So I've came across Jeff Preshing's wonderful blog posts on what's Acquire
/Release
and how they may be achieved with some CPU barriers.
I've also read that SeqCst
is about some total order that's guaranteed to be consistent with not coherence-after relation - though at times it might contradict with happens-before relation established by plain Acquire
/Release
operations due to historical reasons.
My question is, how does the old GCC built-ins map into the memory model proposed by C++11 (and later revisions)? In particular, how to map __sync_synchronize()

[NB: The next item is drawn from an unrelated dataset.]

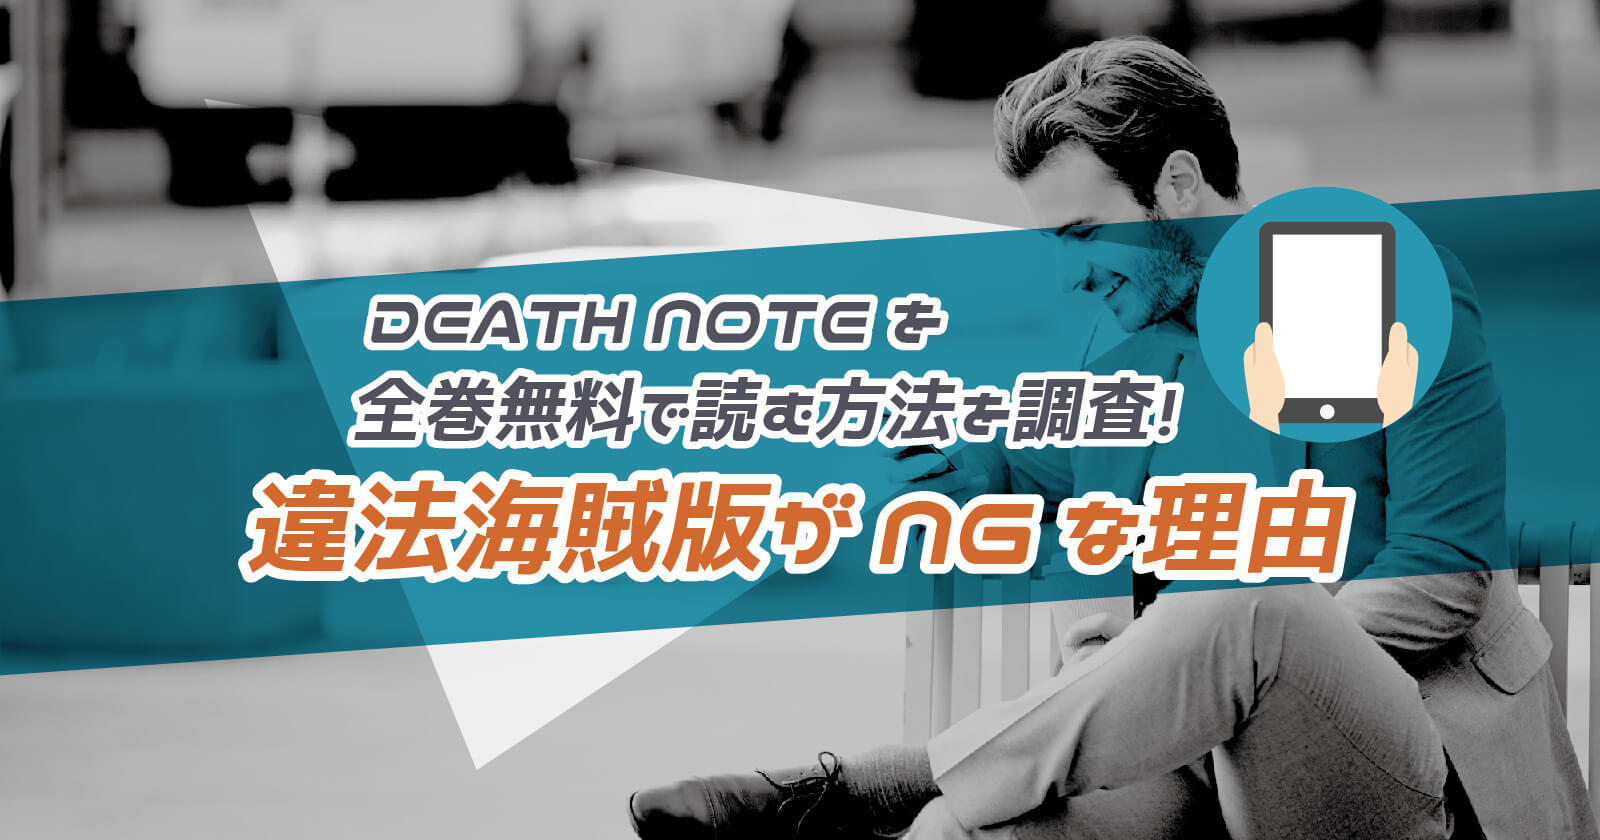 Death Note デスノート を全巻無料で読む方法を調査 漫画バンクや漫画ロウがngな理由 To Be Soldout
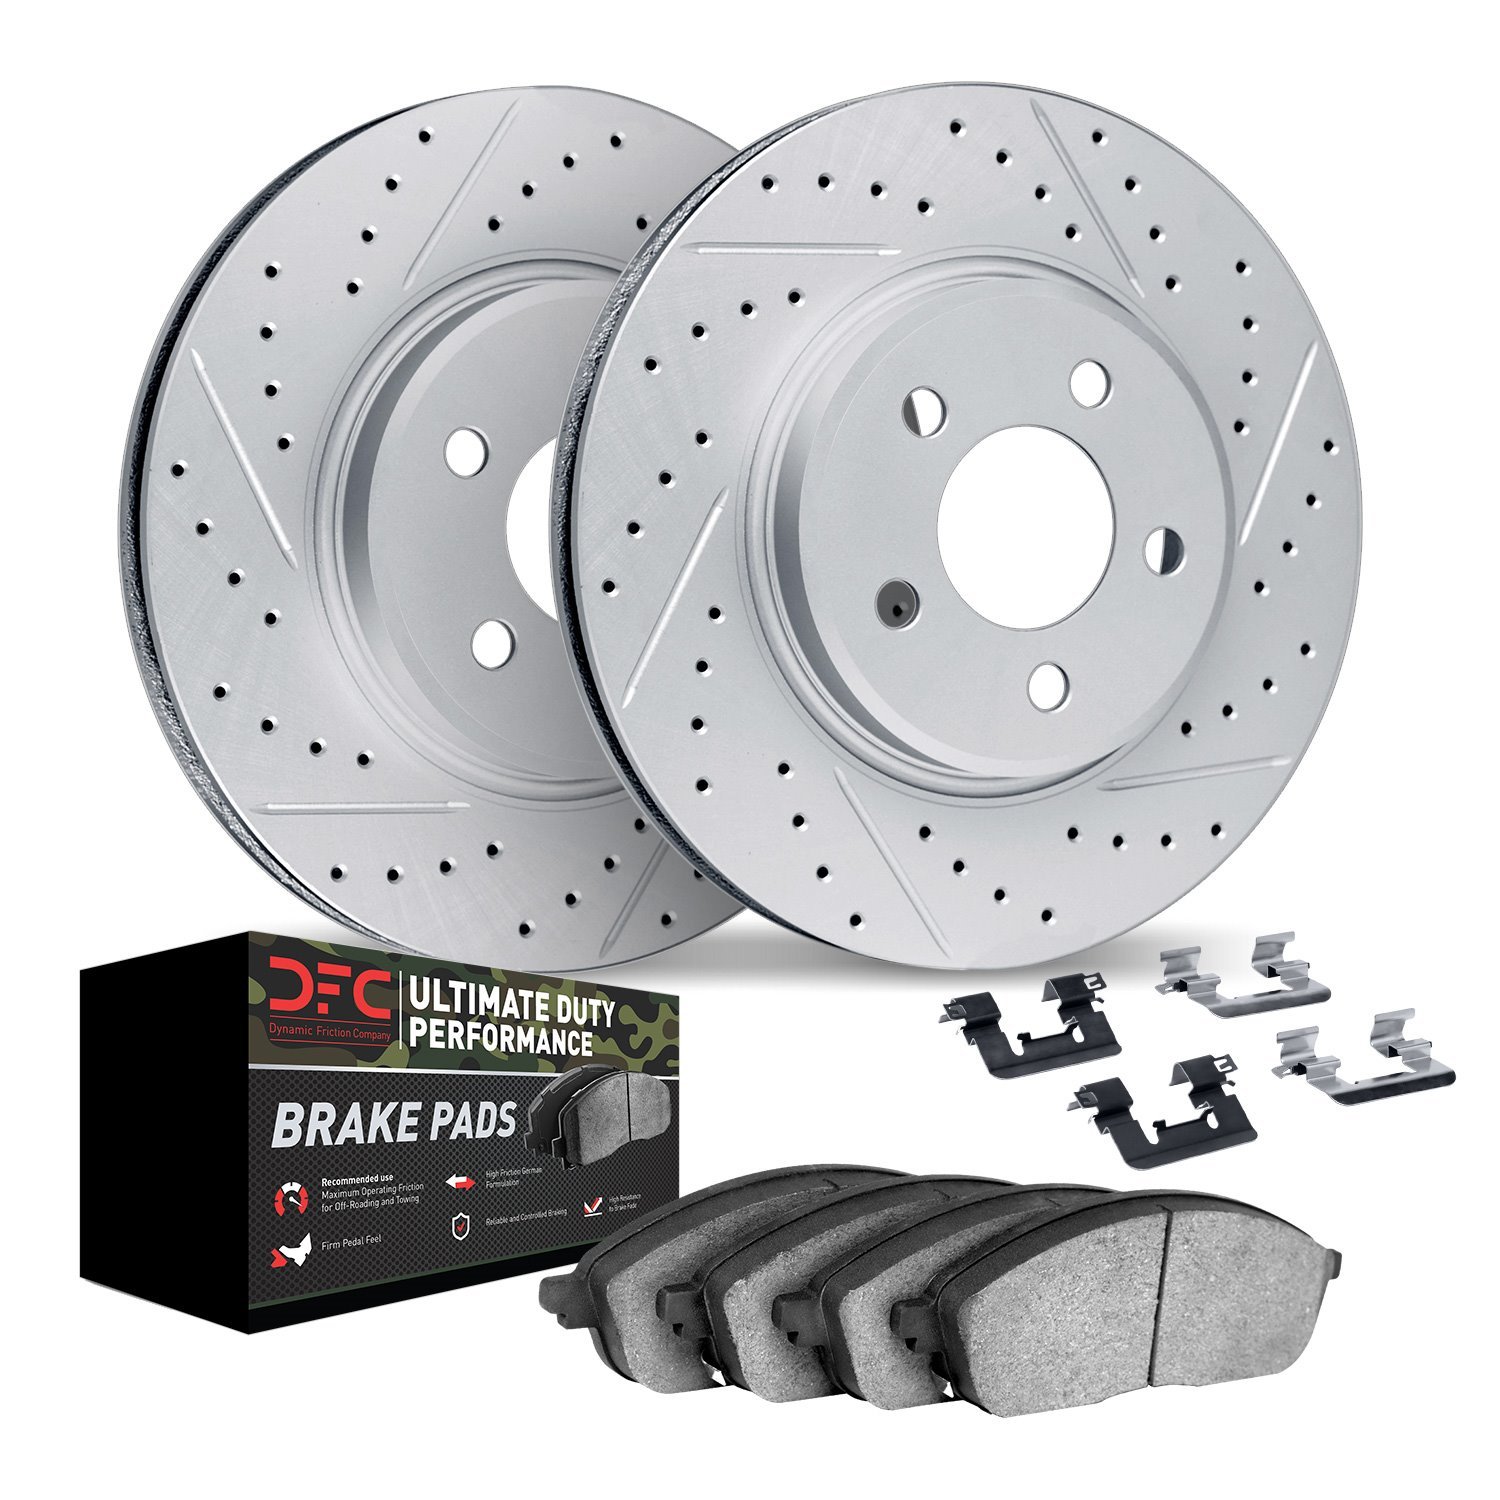 2412-48005 Geoperformance Drilled/Slotted Brake Rotors with Ultimate-Duty Brake Pads Kit & Hardware, 1991-2003 GM, Position: Fro

into C++11 or later modern C/C++?
In the GCC manual this call is simply described as a full memory barrier, which I suppose is the combination of all four major kind of barrier i.e. LoadLoad
/LoadStore
/StoreLoad
/StoreStore
barriers all at once. But is sync_synchronize
equivalent to std::atomic_thread_fence(memory_order_seq_cst)
? Or maybe, formally speaking, one of them is stronger than the other (which I suppose is the case here: in general a SeqCst
fence should be stronger, since it requires the toolchain/platform to improvise a global ordering somehow, no?), and it just happens that most of the CPUs out there provides only instructions that satisfies both (full memory barrier by __sync_synchronize
, total sequential ordering by std::atomic_thread_fence(memory_order_seq_cst)
) at once, for example x86 mfence
and PowerPC hwsync
?
Either __sync_synchronize
and std::atomic_thread_fence(memory_order_seq_cst)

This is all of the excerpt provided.